While trying to answer this question, I noticed that is is not exclusive to me. At work, I sometimes find myself complaining about lacking documentation for servers built by others, but often forget to document servers that I build. More often than not, before I check our documentation for information on a server, I will just remote into the server itself and try to gather the information myself. After analyzing my thoughts each time I find myself doing this, I have identified a few reasons behind it:
Why Documentation Fails
-
The documentation is untrustworthy.
I’m sure that my coworkers are (mostly) entering correct information when they create new documentation, but much of this information can change over the lifetime of a server. Most of our customers do not have strict IT policies, so the IP of a server can change (hopefully on purpose and not because it had a DHCP address), additional roles/applications can be installed, the server can be physically moved or migrated to a new host, etc. This raises a few questions for me; namely, “is there a better way to document this?” and “should we even be documenting this?”.
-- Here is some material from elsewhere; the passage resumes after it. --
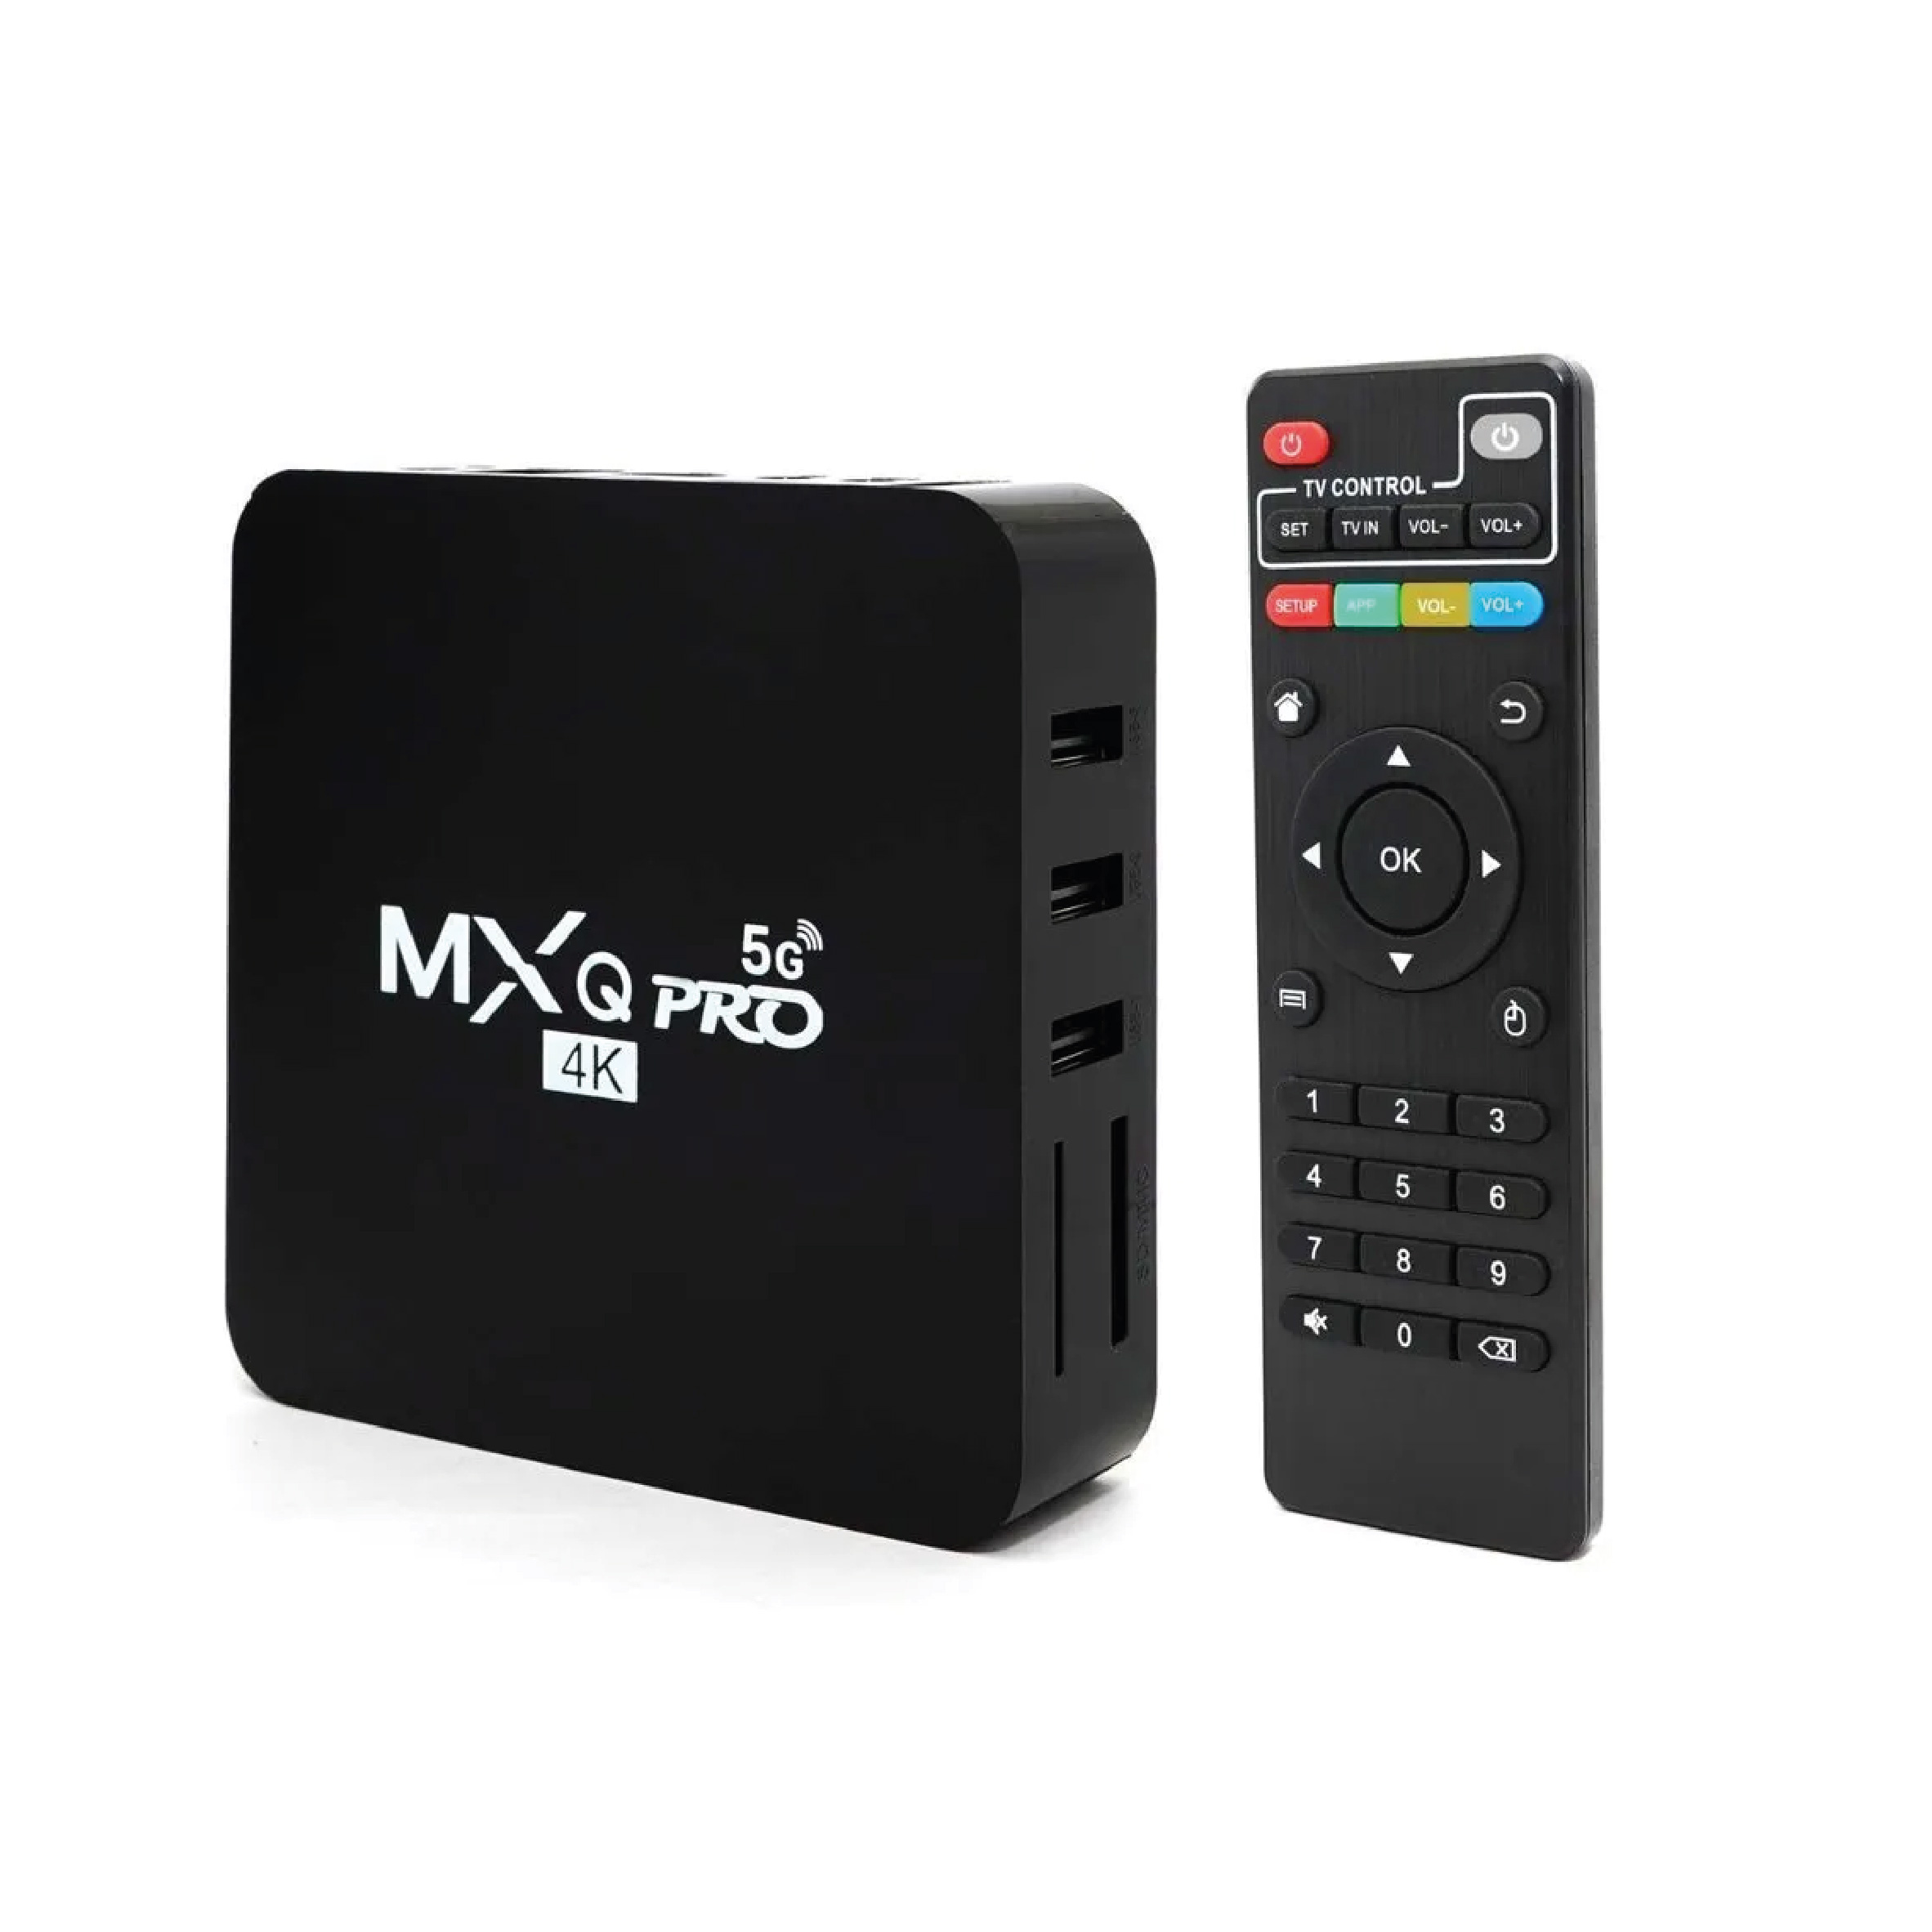 MXQ Pro Android TV Box 5G, 4K, CPU 64BIT, CPU 4 Core, 4K UHD, Hevc H.265, MXQPRO

To answer the first question: almost certainly. Information such as hostnames, IP addresses, OS versions, and even installed packages and roles can be automatically collected fairly easily. Any credentials will be stored in a password manager or secret server of some sort. In a strong Infrastructure as Code environment, much of this information is “self-documenting” and can easily be found in the code written to create the infrastructure. Barring that, it takes under a minute to manually check this information if you have access to the server (though it is helpful to be able to access it if the server is offline). The second questions leads me into my second reason why I believe these documentation systems have not worked for me.
-
We are documenting the wrong information.
To design a better system for documentation, it’s important to think of the reason the documentation system exists needs to exist in the first place. As already mentioned, documenting IP addresses and installed applications isn’t the problem I’m trying to solve. So what is? The thing I find myself asking most often when I’m searching through documentation is “what the hell was the guy who deployed this thinking?!” Even with servers/services I deployed myself, the problem I struggle with the most is getting into the mindset that I was in when I deployed it. Remembering why I made certain decisions helps me remember other decisions I made.
-
The documentation doesn’t exist.
The final point in this vicious cycle of un-documentation is that oftentimes, documentation never exists in the first place. I believe this is partially due to simple forgetfulness. At work, writing documentation is part of our project plans but can often get overlooked due to the many other “more important” tasks that need to be completed. In my home network, writing documentation is hardly on the top of my priority list. I want to deploy this cool new service and start playing with it immediately (or go do something entirely different). Rarely does the thought of documentation ever cross my mind. I also believe my previous points contribute to this point, and this point contributes to the others. We don’t think to update the documentation because we don’t use the documentation and we don’t use the documentation because we don’t think to update it.
Why a Blog
So what does this have to do with a blog? For my (personal) purposes, a blog fixes these issues. My blog isn’t going to document things like private IPs of servers, but rather my methodology for deploying services and my thought process behind each project. I’m also more motivated to write documentation in the form of a blog post than I am a wiki entry since blog posts can be “enjoyed” by others. I’m a firm believer that information should be free, so I want to share my thoughts with anyone who cares to read them.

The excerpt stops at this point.